Namun, ada satu kondisi lain yang bisa membuat Nastique bertindak.

Itu adalah Kuze si Pembawa Malapetaka yang ingin membunuh seseorang yang menjadi targetnya.

Tidak hanya memberikan hukuman pembalasan kepada mereka yang inginMembunuh, Kuze berhak membunuh siapa pun dengan bebas, jika dia menginginkannya. Kartu truf utamanya, yang akan digunakan untuk membunuh Ratu Sephite.

Tidak seorang pun mengetahui syarat untuk menggunakan kekuatannya ini. Curte dari Langit yang Indah. Tidak merasakan Angin Suram. Tidak seorang pun yang menyaksikan masih berjalan di negeri ini… kecuali Mestelexil.

Saat itu aku berusaha sebaik mungkin untuk membuatnya tampak seperti serangan balik otomatis, tapi…seberapa kuat ingatan Mestelexil?! Seberapa tajam penilaiannya…?! Dengan asumsi dia telah kembali ke pihak Aureatia, apakah itu berarti dia telah mengungkapkan rahasiaku kepada mereka?!

“Ugh, bisakah…kau…berhenti?!”

Tu dengan polosnya menggunakan kekuatan fisiknya untuk mengangkat tubuhnya dari bawah cengkeraman Mestelexil.

“Wow!”

Bahkan bagi Mestelexil, yang memiliki kekuatan luar biasa untuk ukuran sebuah konstruksi, kekuatan fisik Tu melampaui perkiraannya. Kehilangan keseimbangan, kali ini lengan ramping Tu yang mencengkeram pergelangan tangan Mestelexil.
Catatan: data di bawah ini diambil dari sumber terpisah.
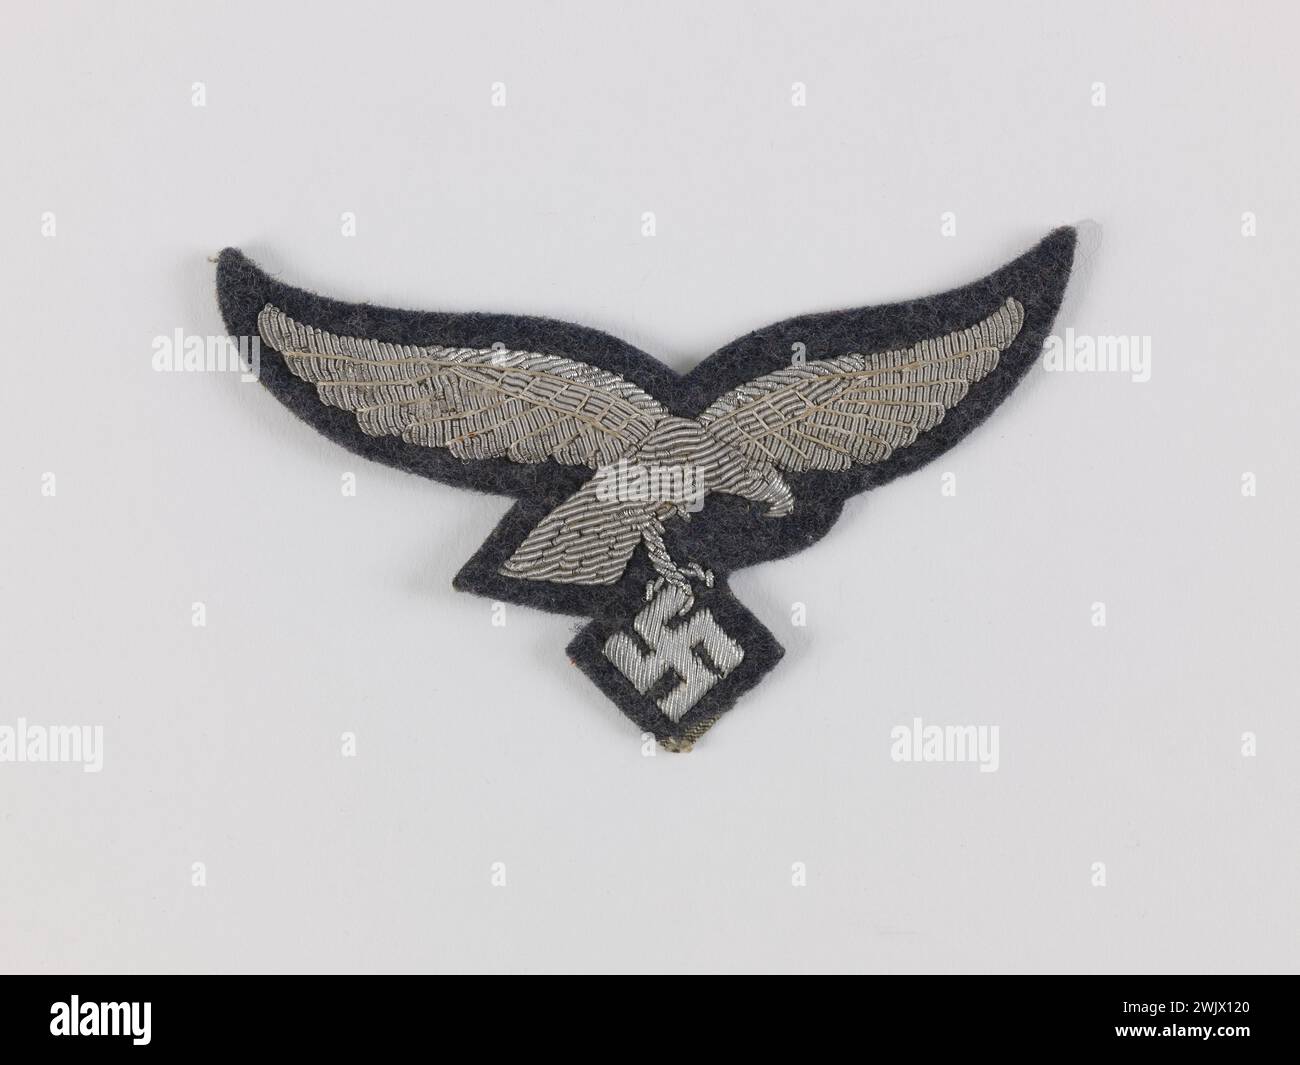 Anonymous. 'Chest eagle -' 2nd model ' - Luftwaffe officer'. Sheet. 1935-1945. General Leclerc Museum of Hauteclocque and the Liberation of Paris, Jean Moulin Museum. 158936-15 Stock Photo

Hanya dengan satu tangan, dia mengayunkannya ke sana kemari dalam arti yang sebenarnya.

“Wh-wh-whooooooooa!”

Langit-langit. Dinding. Lantai. Suara benturan yang terdengar seperti gempa bumi terus bergema di dalam kereta yang sedang bergerak.

Mestelexil, yang ukurannya dua kali lebih besar dari minia dan terbuat dari logam, dilempar ke segala arah, seolah-olah Tu adalah anak kecil yang nakal yang bermain dengan boneka binatangnya.

Gerbong penumpang, yang dibangun kokoh dan kuat, hancur berkeping-keping, remuk, dan bahkan suara pergerakan seluruh kereta pun menjadi terdistorsi akibat benturan tersebut.

“Kau sangat…keras! Golem jenis apa kau ini?!”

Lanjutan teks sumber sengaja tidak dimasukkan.